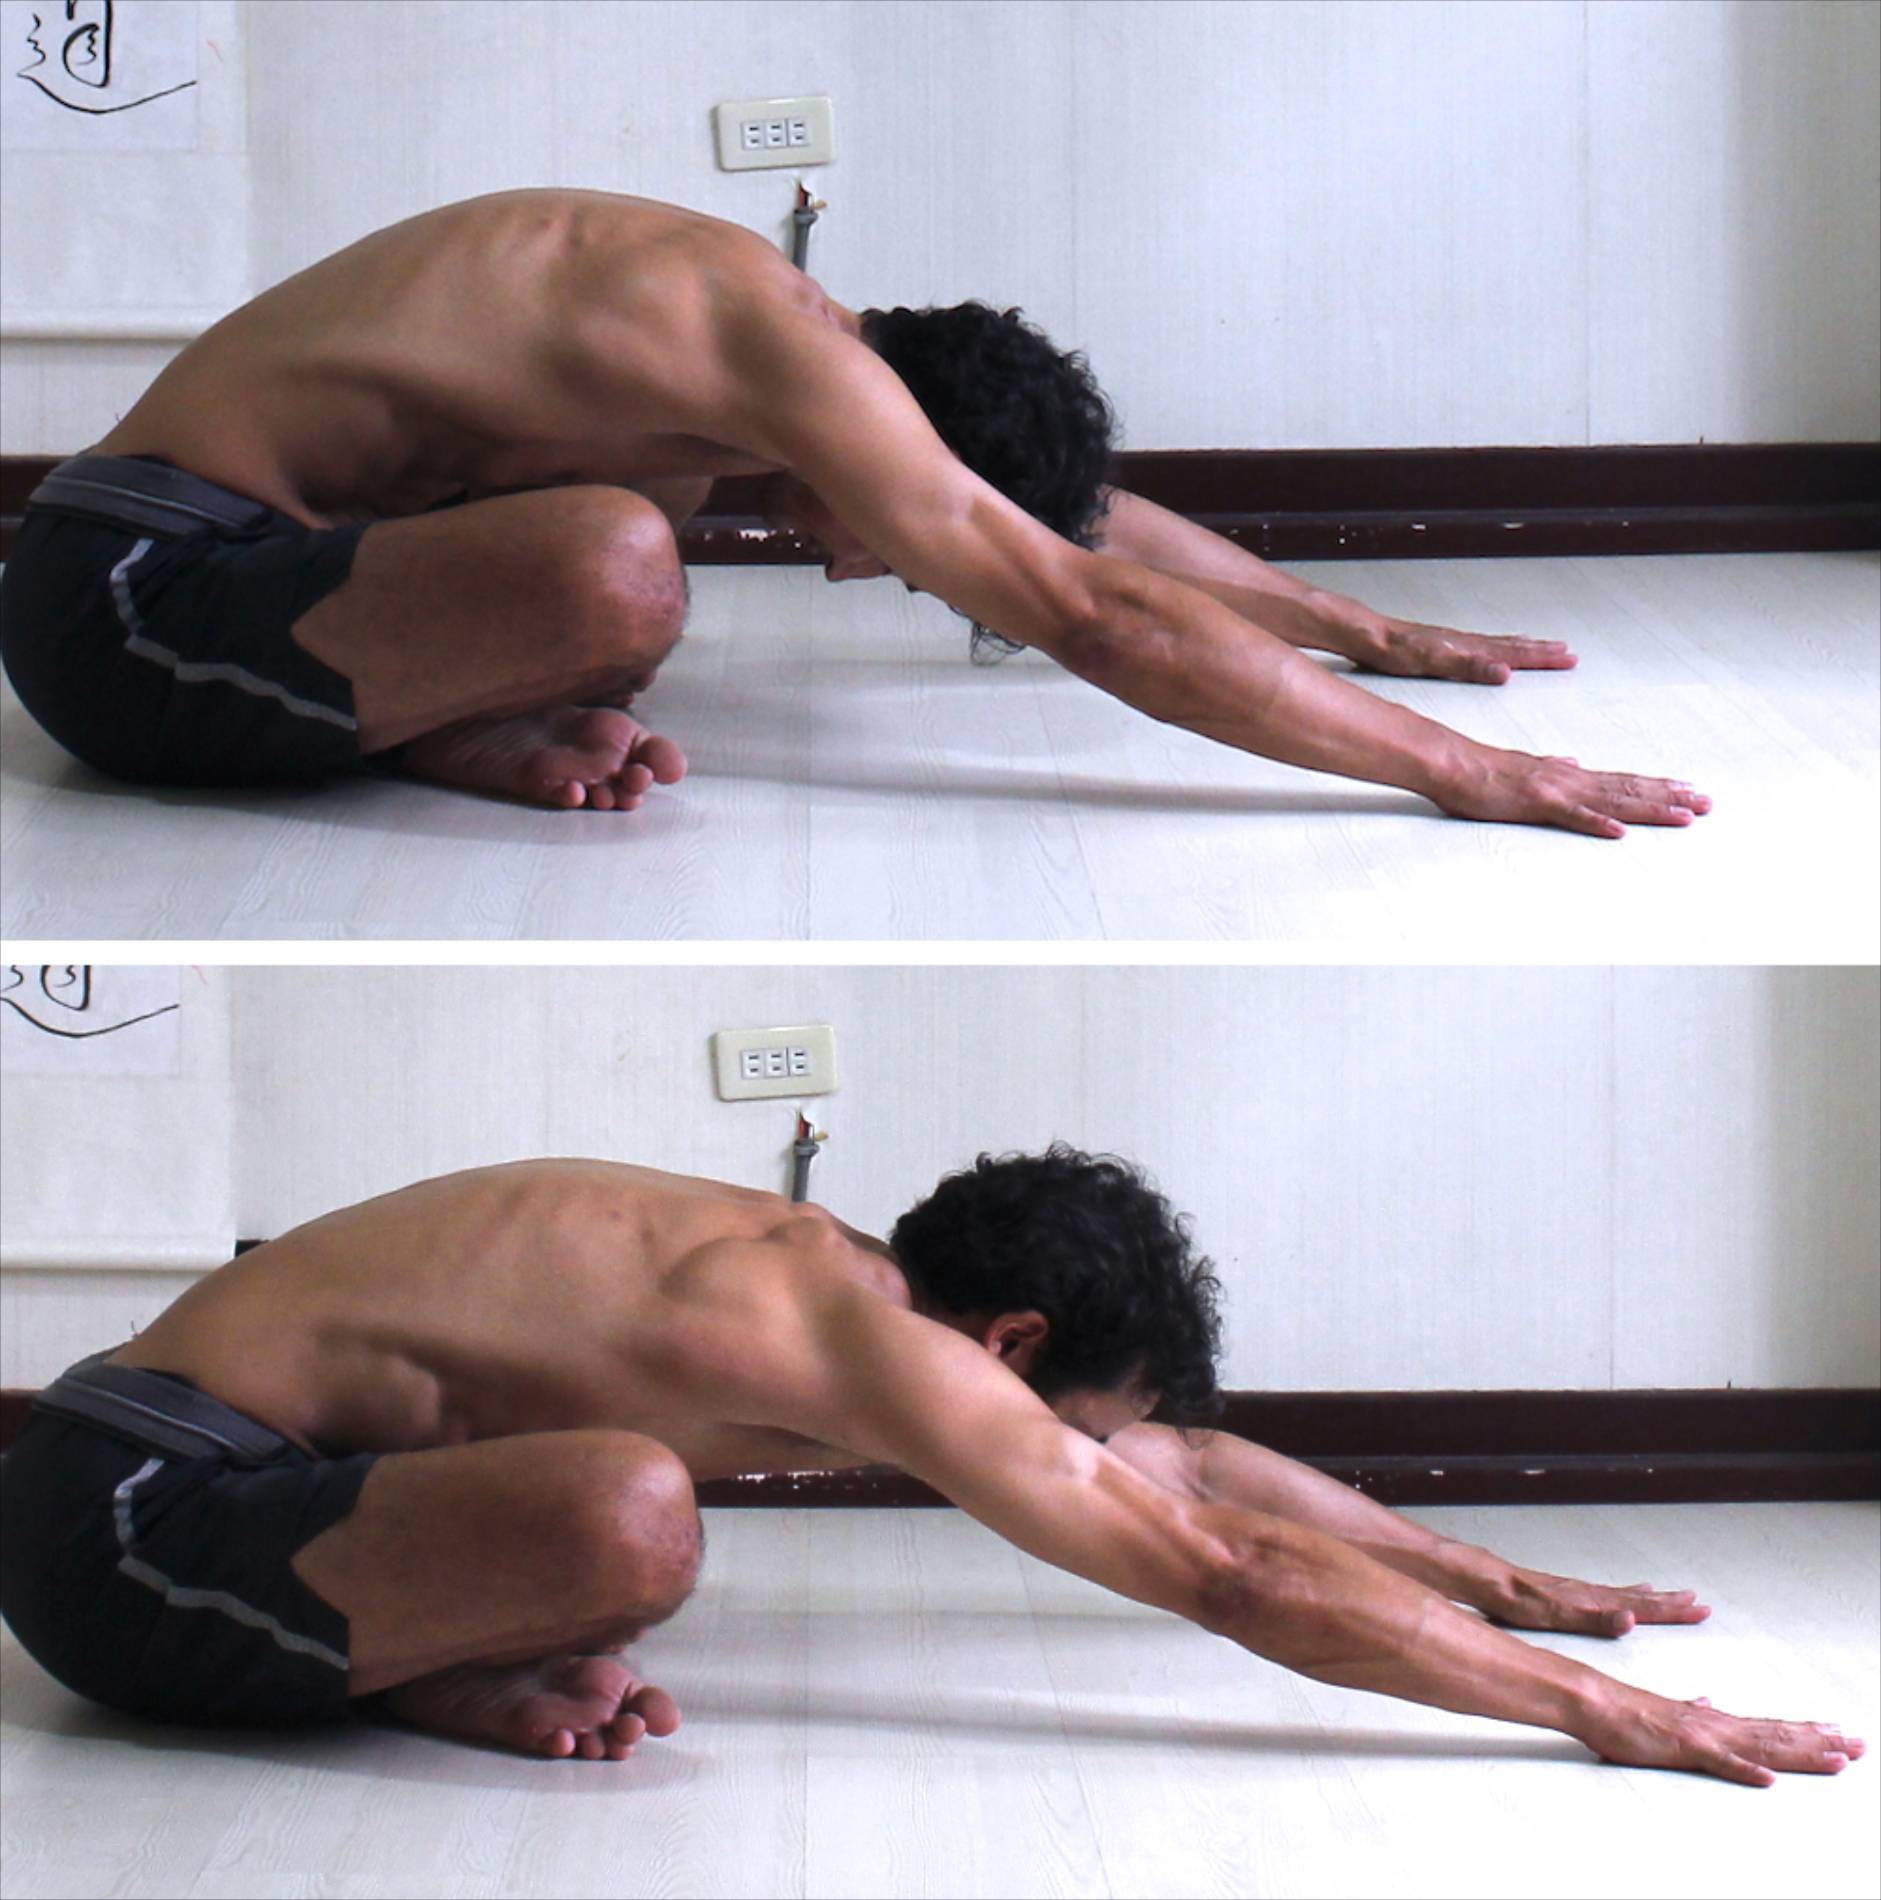 Cross Legged Forward Bend:  
1. Relaxed.  
2. Reaching front ribs forwards, away from pelvis.   
Reaching hands forwards, away from ribcage.

--- Action item ---
Go through the material and copy out every line with "away" in it.

--- The answer ---
2. Reaching front ribs forwards, away from pelvis.   
Reaching hands forwards, away from ribcage.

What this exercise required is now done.